At one point during the proceedings, Assistant District Attorney Richard Sax put Sabina’s best friend Marie Rodriguez on the stand, asking her about the last hours she spent with the victim. In a testimony that bordered on tears, Rodriguez told the jury what they did that night and how she felt about her friend.
“She was the kind of person that made me want to do better,” Rodriguez said. “She helped get me a job at PYT. That day we got off work and got some pizza. We sat across from my house eating and just talking about life. We were just hanging out, you know? We laughed, we talked and we invited some friends over. We went out to eat and just hang out — the only argument we had was whether to eat inside the restaurant or outside. We ended up eating outside. We had a glass of wine and went back to my house. I fell asleep around 1 a.m. When I woke up Sabina was sitting in the chair. Normally she slept over, but I had a huge pile of clothes on my bed and I slept on the couch.”
Sabina asked her friend if she could borrow her bike to get home. Rodriguez said yes and that was the last time she saw her friend alive.
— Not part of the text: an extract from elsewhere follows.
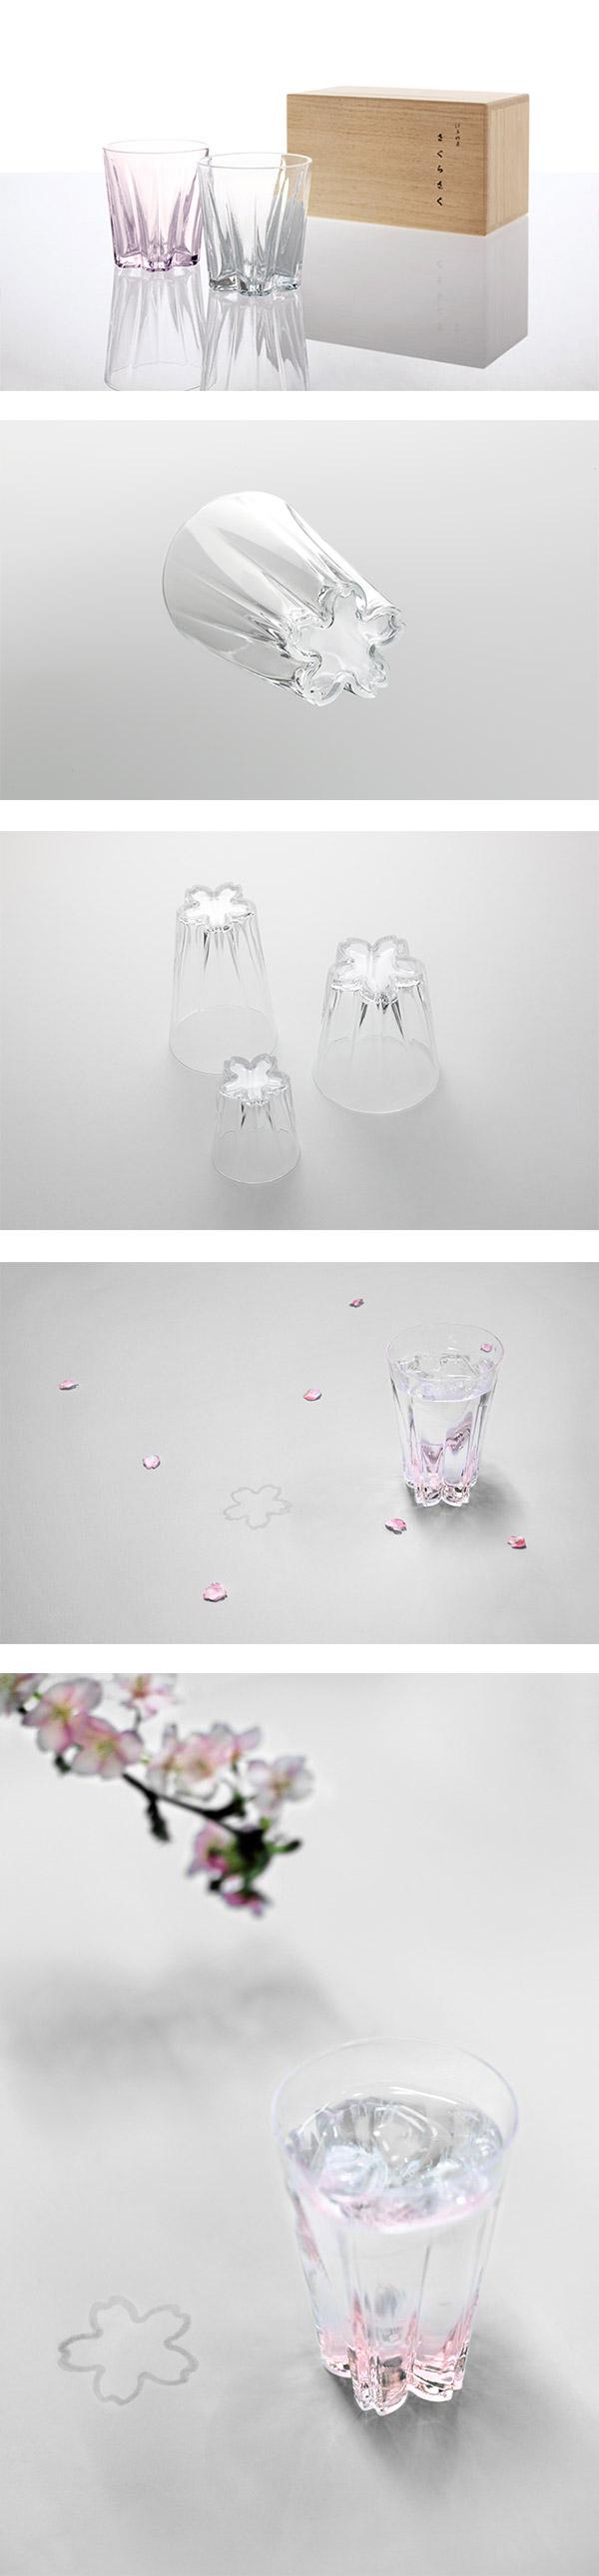 Perrocaliente SAKURASAKU 櫻花杯 雙入同款同色 清酒杯 櫻花粉

The trial of Donte Johnson, the man accused of raping and murdering Sabina Rose O’Donnell in 2010 concluded this week with the defendant being found guilty by a jury of his peers.
Johnson, 20, was found guilty of first degree murder, rape and related charges and immediately sentenced to life in prison without the possibility of parole plus another 40 to 80 years by Judge Glenn Bronson.
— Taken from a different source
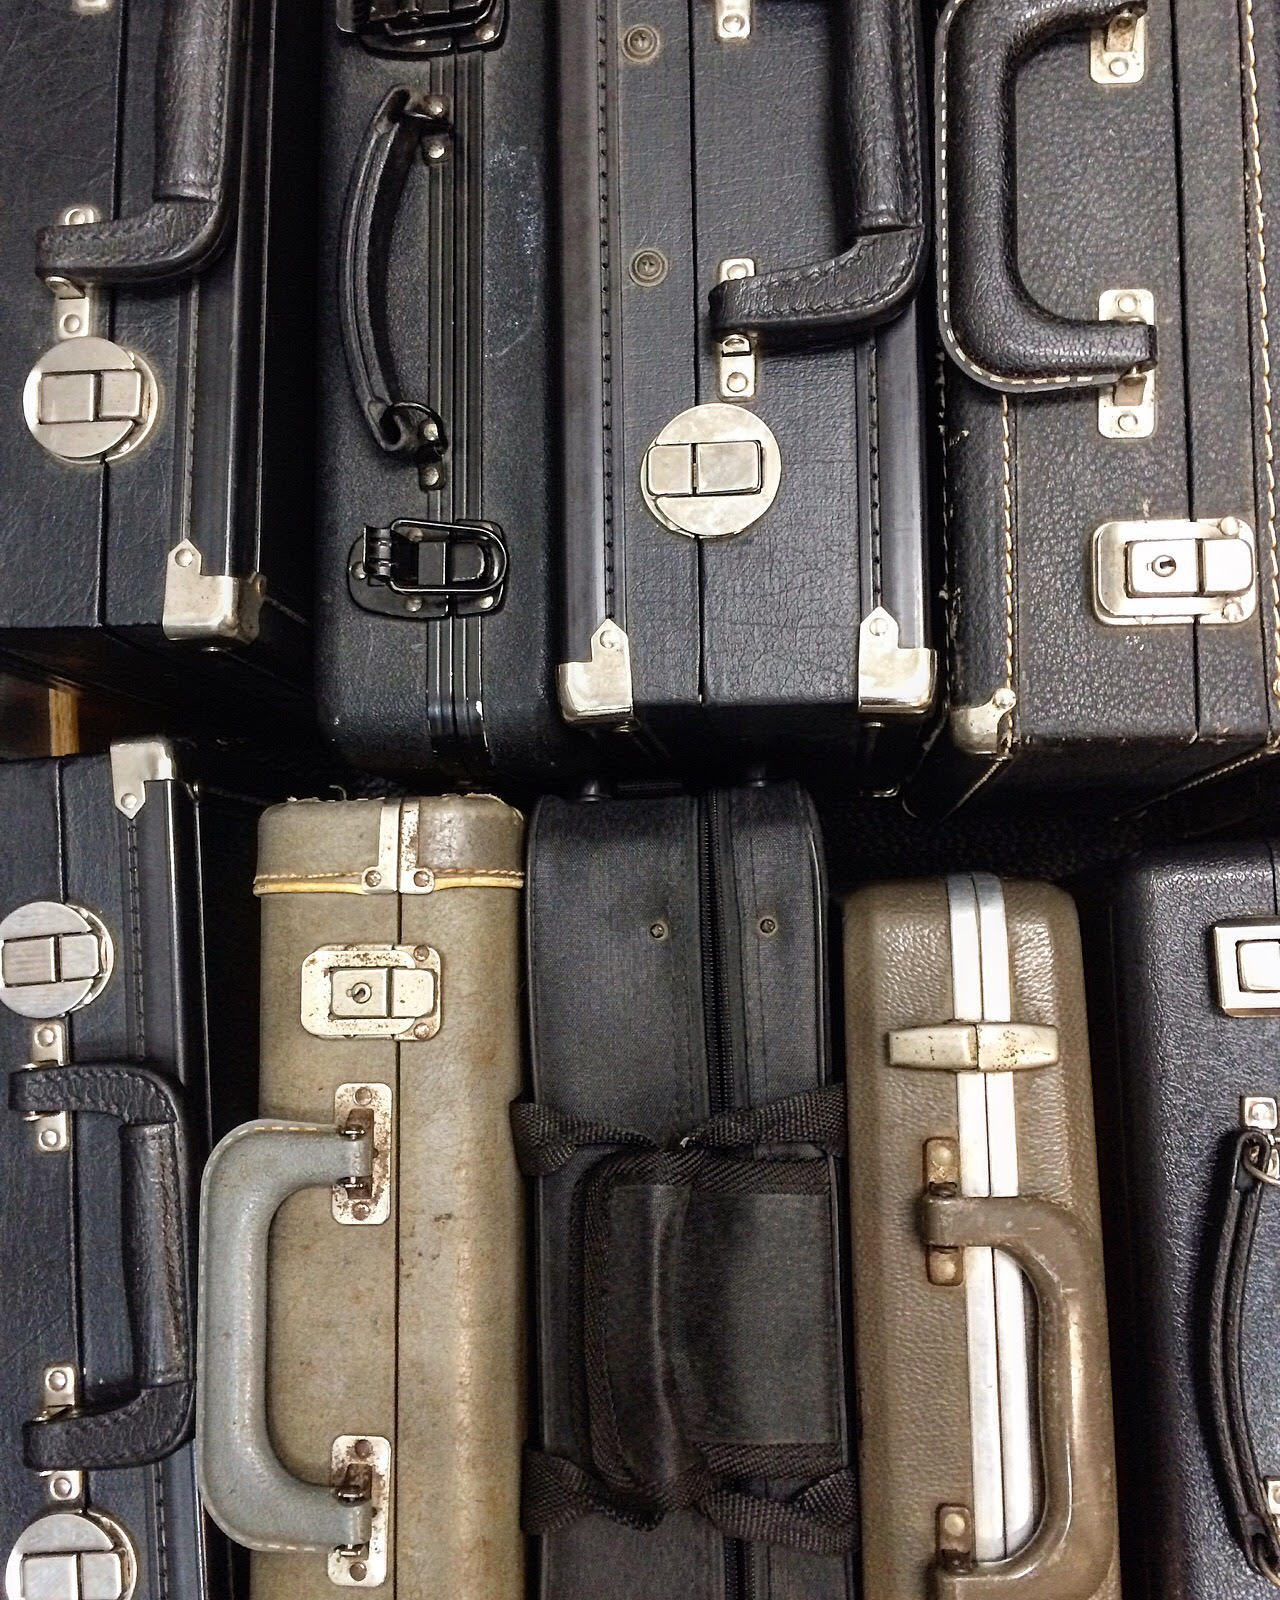 clarinet cases.jpg

Prosecutors successfully argued that Johnson brutally raped and murdered O’Donnell on June 2, 2010. Her body was found in a vacant lot behind her Northern Liberties apartment. Johnson told police that he had followed her with the original intention of stealing her bike. According to Johnson “things got out of hand” and ultimately the attempted robbery ended with O’Donnell’s rape and murder.
“My heart continues to go out to Sabina’s family and friends,” said District Attorney Seth Williams following the guilty verdict. “I hope this verdict will give them some sense of justice. Sabina’s brutal and senseless death was felt not only by her adoring family and friends, but also by the Northern Liberties community that she lived in. I am extremely proud of ADA’s Richard Sax and Gwenn Cujdik, both of whom did an extraordinary job of prosecuting this case. I also want to commend the Philadelphia Police Department for their quick and excellent work in arresting Donte Johnson. At only 20 years old Donte Johnson will now have to spend the rest of his life behind bars dealing with the consequences of his terrible actions.”
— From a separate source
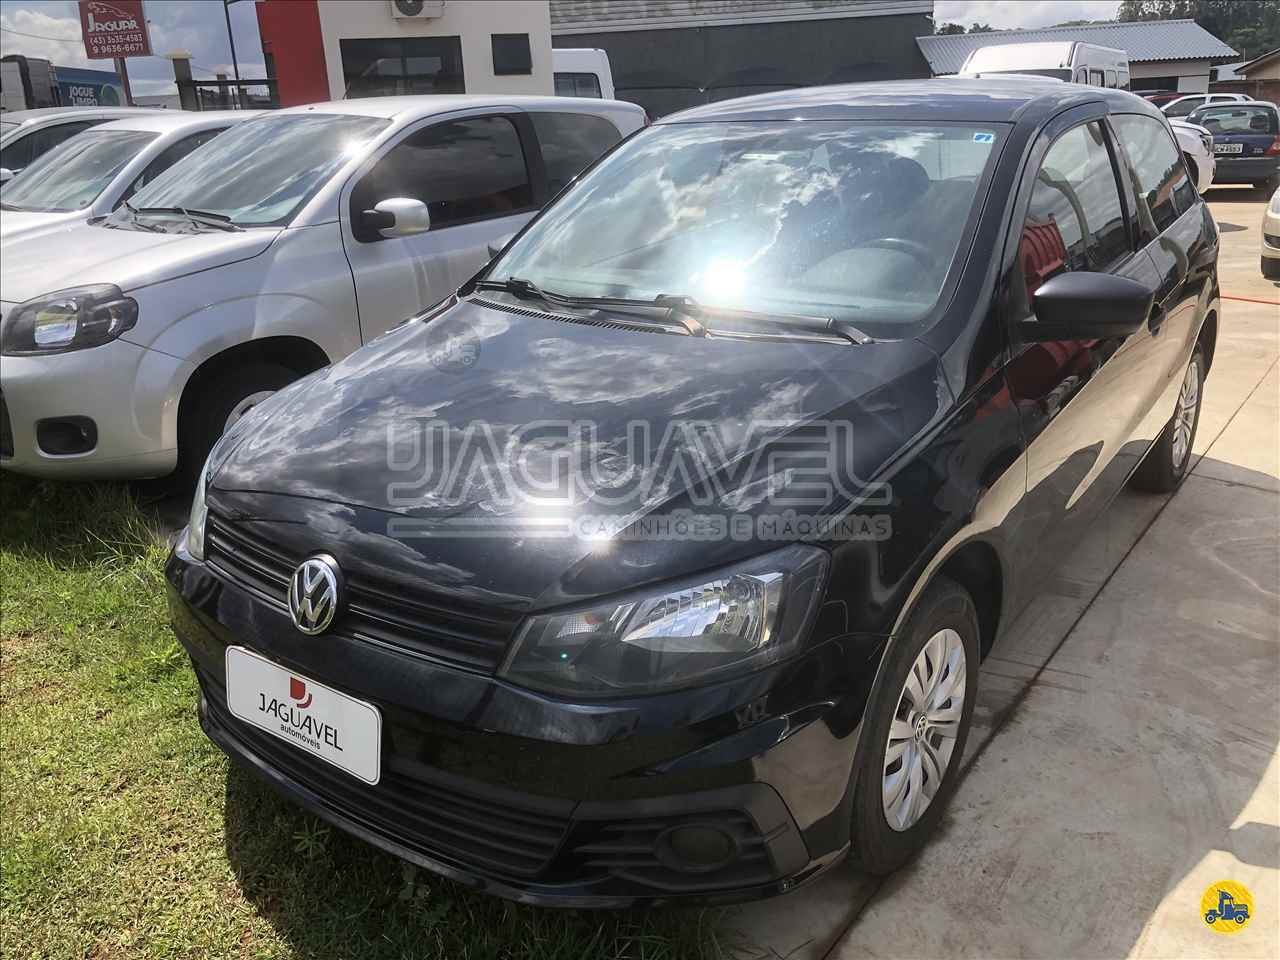 CARRO VW - Volkswagen Gol 1.0 Trendline Jaguavel Caminhões JAGUARIAIVA PARANÁ PR

In an unrelated criminal investigation police have arrested a West Philadelphia man suspected of having committed several robberies at local restaurants.
On May 8, 2012, Torin Myer was arrested for multiple robberies. On April 26, 2012, at 9:35 p.m. the suspect entered the Green Line Cafe, located at 4426 Locust Street and allegedly demanded money from the employees. On April 30, 2012, at 4:29 p.m. and again on May 4, 2012, at 5:30 p.m. the suspect allegedly demanded money from an employee at the Green Line Cafe located at 3649 Lancaster Avenue. On May 6, 2012, at 10:15 p.m. the suspect allegedly robbed the Chipotle restaurant located at 3925 Walnut Street. The suspect was armed with a handgun during all four incidents.
On May 7, 2012, members of the Southwest Detective Division met with the Drexel University Police Department and distributed surveillance stills. On May 8, 2012, a Drexel Police captain was on patrol when he observed a male fitting the description of the offender in the surveillance stills. After an investigation, the male was identified as the suspect responsible for these robberies.
Myer, 23, is from the 3900 block of Baring Street. He is charged with robbery and related offenses.